A letter sent by the local health authority to the global vaccine alliance Gavi last month said that the “hopes of the children… to grow healthier and happier were snatched away in a blink of an eye,” according to Reuters

The percentage of children receiving three doses of the Pentavalent vaccine – which protects against diphtheria, hepatitis B, Haemophilus influenzae type b (Hib), whooping cough, and tetanus – has plummeted from 99 per cent in 2020 to 7 per cent this year, the letter said.

Dr Kibrom fears that polio may be spreading through Tigray undetected because they can no longer test for it. “There's no way for us to confirm if the children we suspect of having polio actually have it. But some children are exhibiting Acute Flaccid Paralysis, which indicates polio and can cause a lifetime disability,” he said.

Lem Lem Hailemariam (bottom), 40, who had her knee fractured in her town Togoga in a deadly airstrike on a market, breast feeds her 3-month-old child as she receives medical treatments at the entrance hall of the Ayder referral hospital in Mekele
Maternal mortality in Tigray is now one of the highest on earth Credit: YASUYOSHI CHIBA/AFP via Getty Images

Maternal deaths are also soaring. One study by Tigrayan researchers earlier this year found that maternal mortality was now one of the highest on earth, ahead of countries like DR Congo, Syria and Iraq.

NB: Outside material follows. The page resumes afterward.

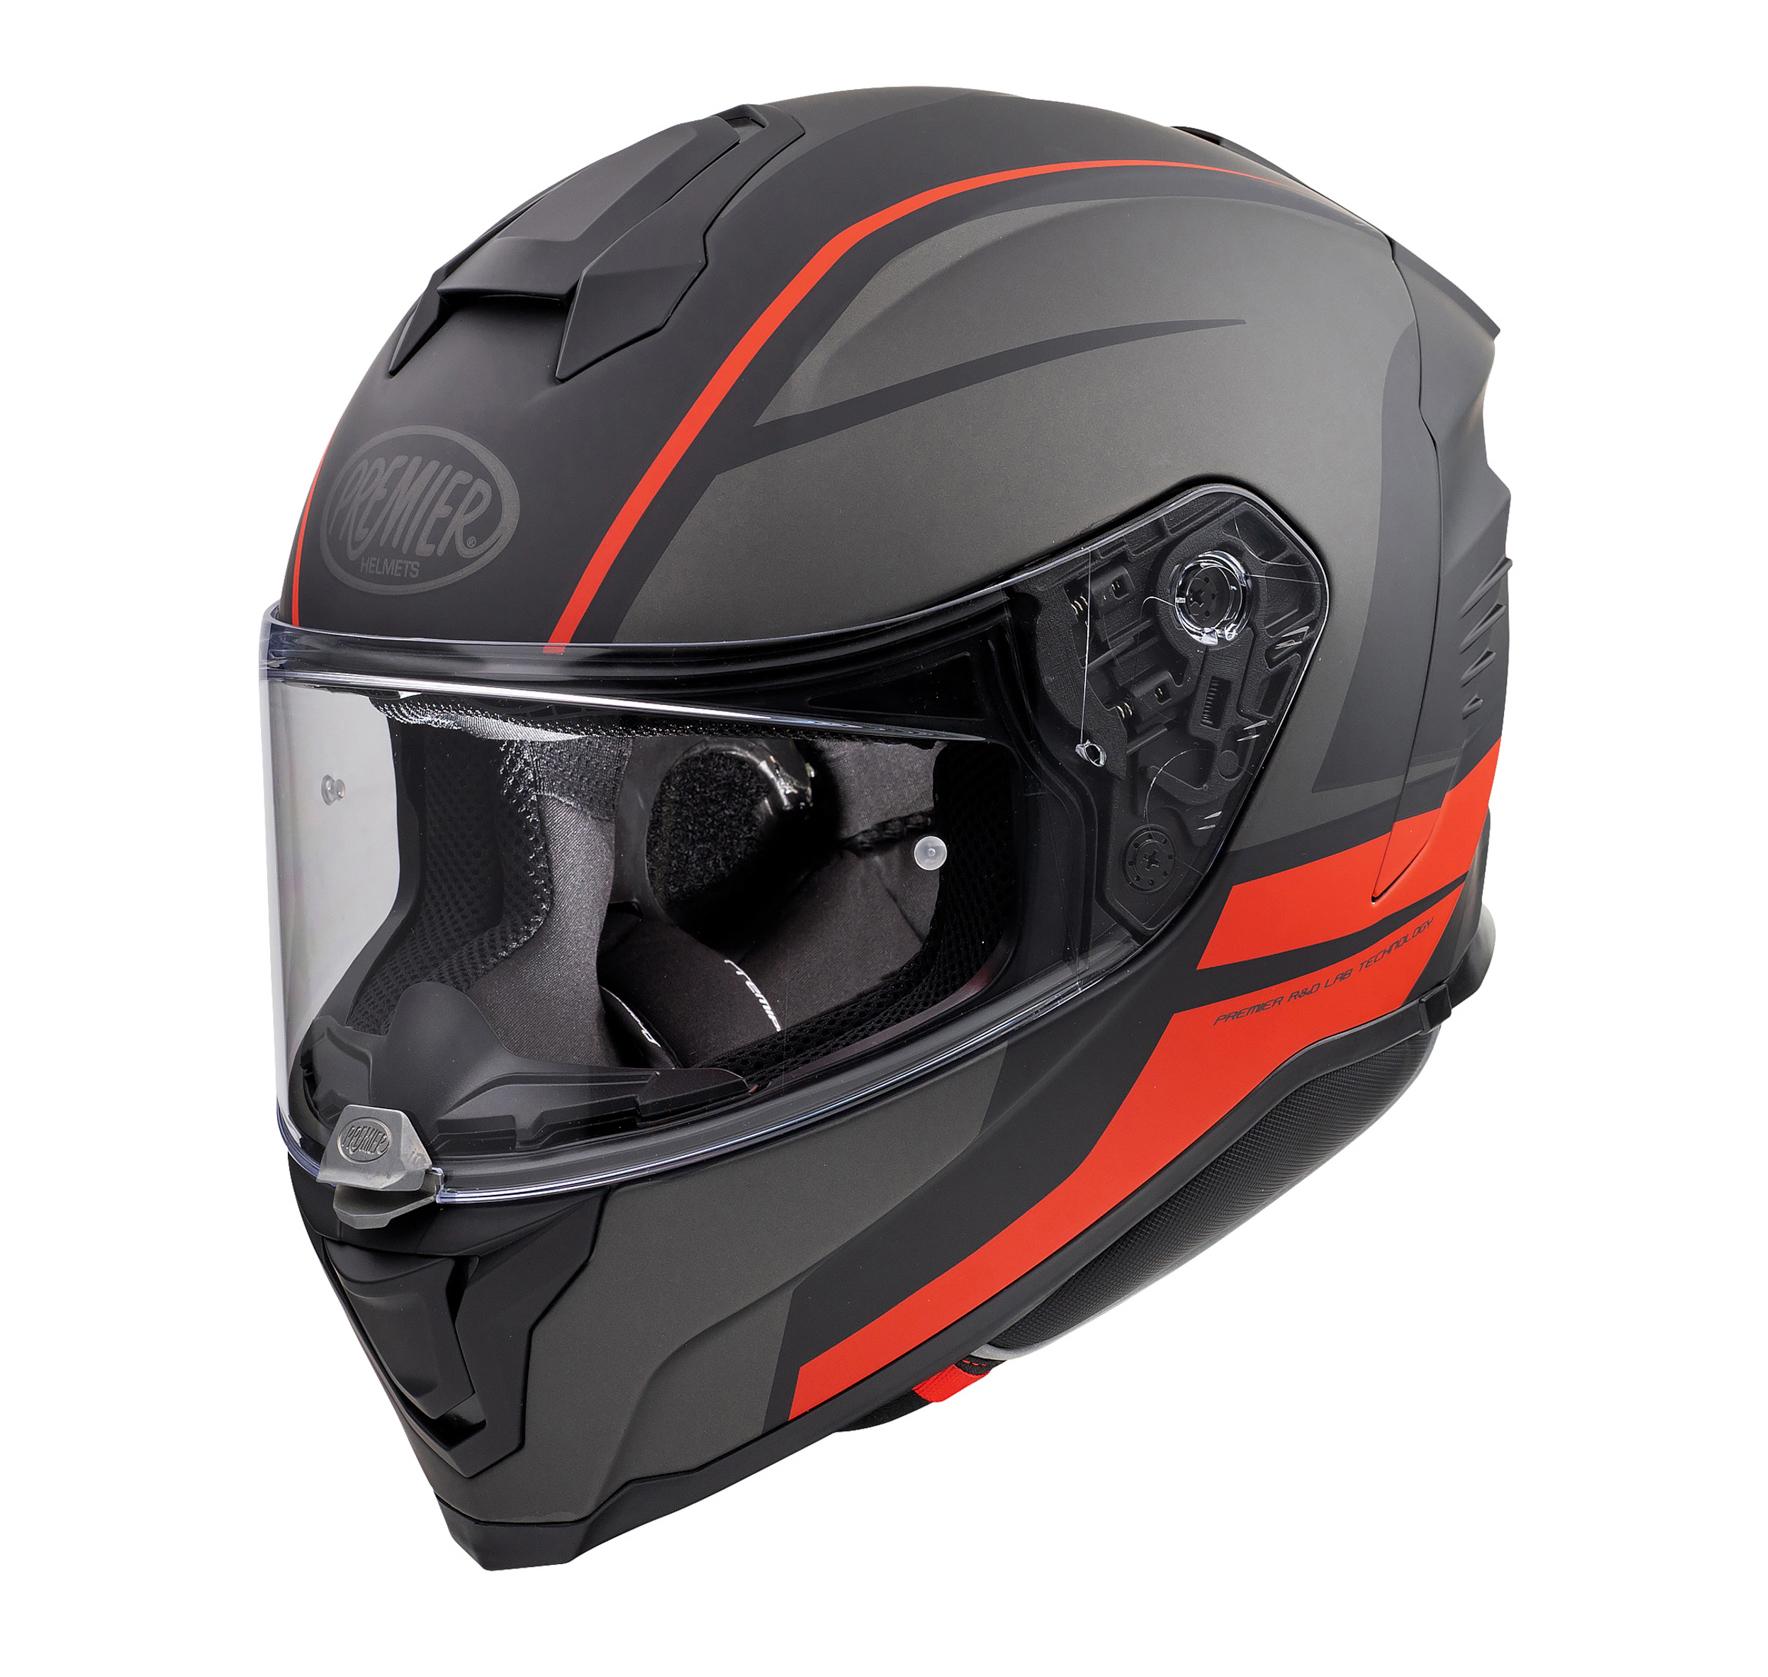 Premier Hyper De Full Face Motorcycle Helmet - Black/Red, L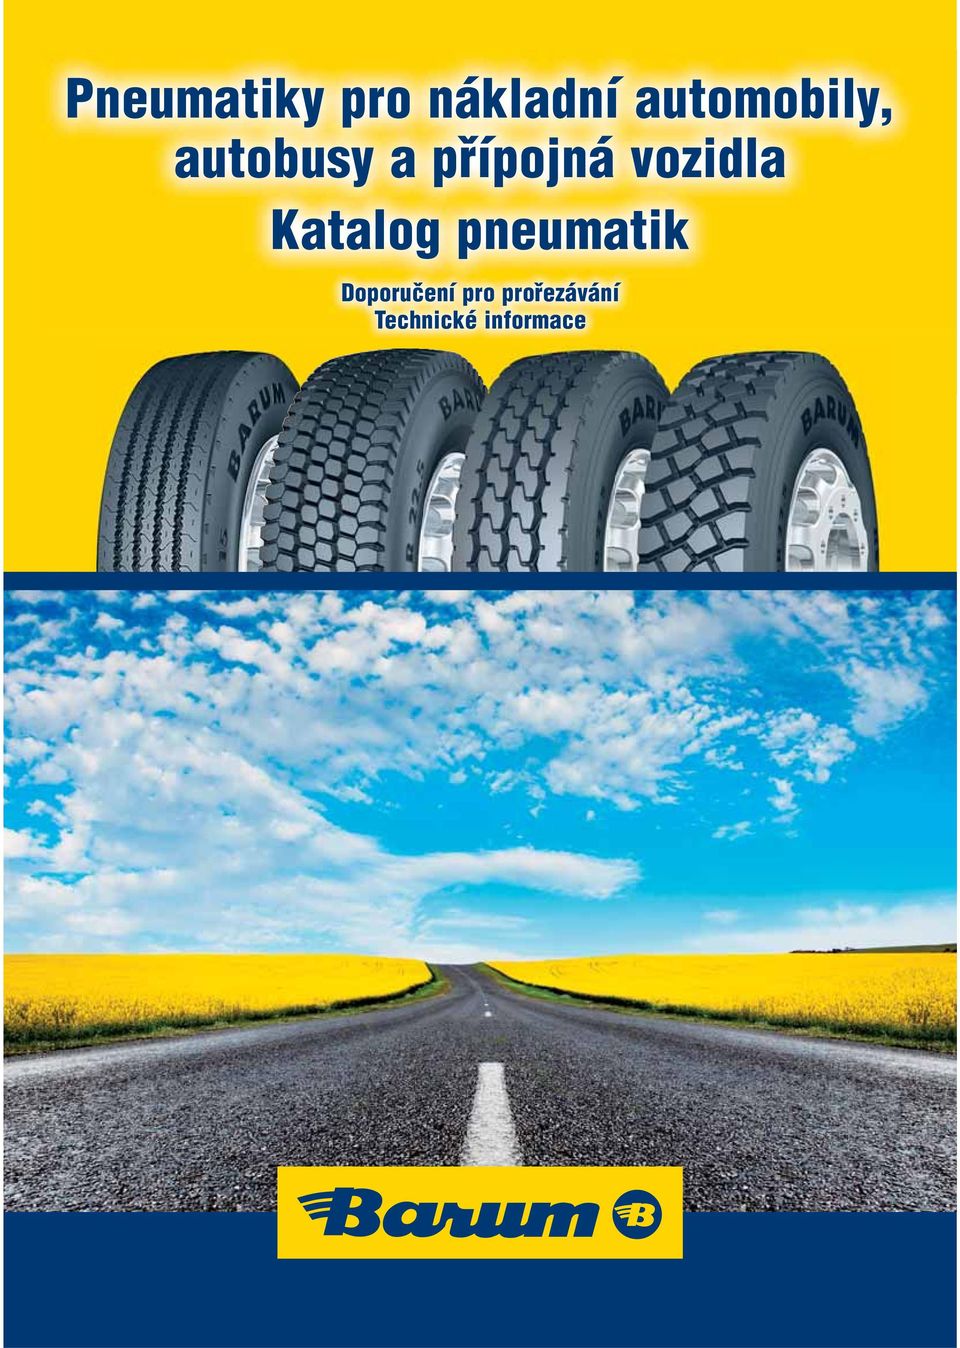 vozidla Katalog pneumatik

Before the civil war, there were less than 200 maternal deaths per 100,000 births in Tigray. Researchers say the average figure is now 840, with some war-torn districts up to more than 3,500 maternal deaths per 100,000, about 500 times higher than in the UK.

“A lot of medications are out of stock, even the most basic Misoprostol [a drug used for abortions or to induce pregnancy] and IV Fluid. We are no longer able to do rudimentary caesarean sections. We've done surgeries using non-sterilised instruments because of frequent power outages,” said Dr Awoll Yemane, an obstetrician and gynaecologist.

He added that the massive number of internally displaced people and an almost complete lack of contraception is leading to a wave of women dying from do-it-yourself abortions.

“Those who come for abortions were being sent outside to buy the medication [on the black market]. If they can afford it, they come back, but if they can't, they will come back again after a month or two, making the termination difficult,” Dr Awoll said.

“Before the war, we could do sophisticated surgeries and manage high-risk pregnancies. We had a lot of aspiration. But since the war, everything has gone into ruins. All the hope disappeared into thin air.”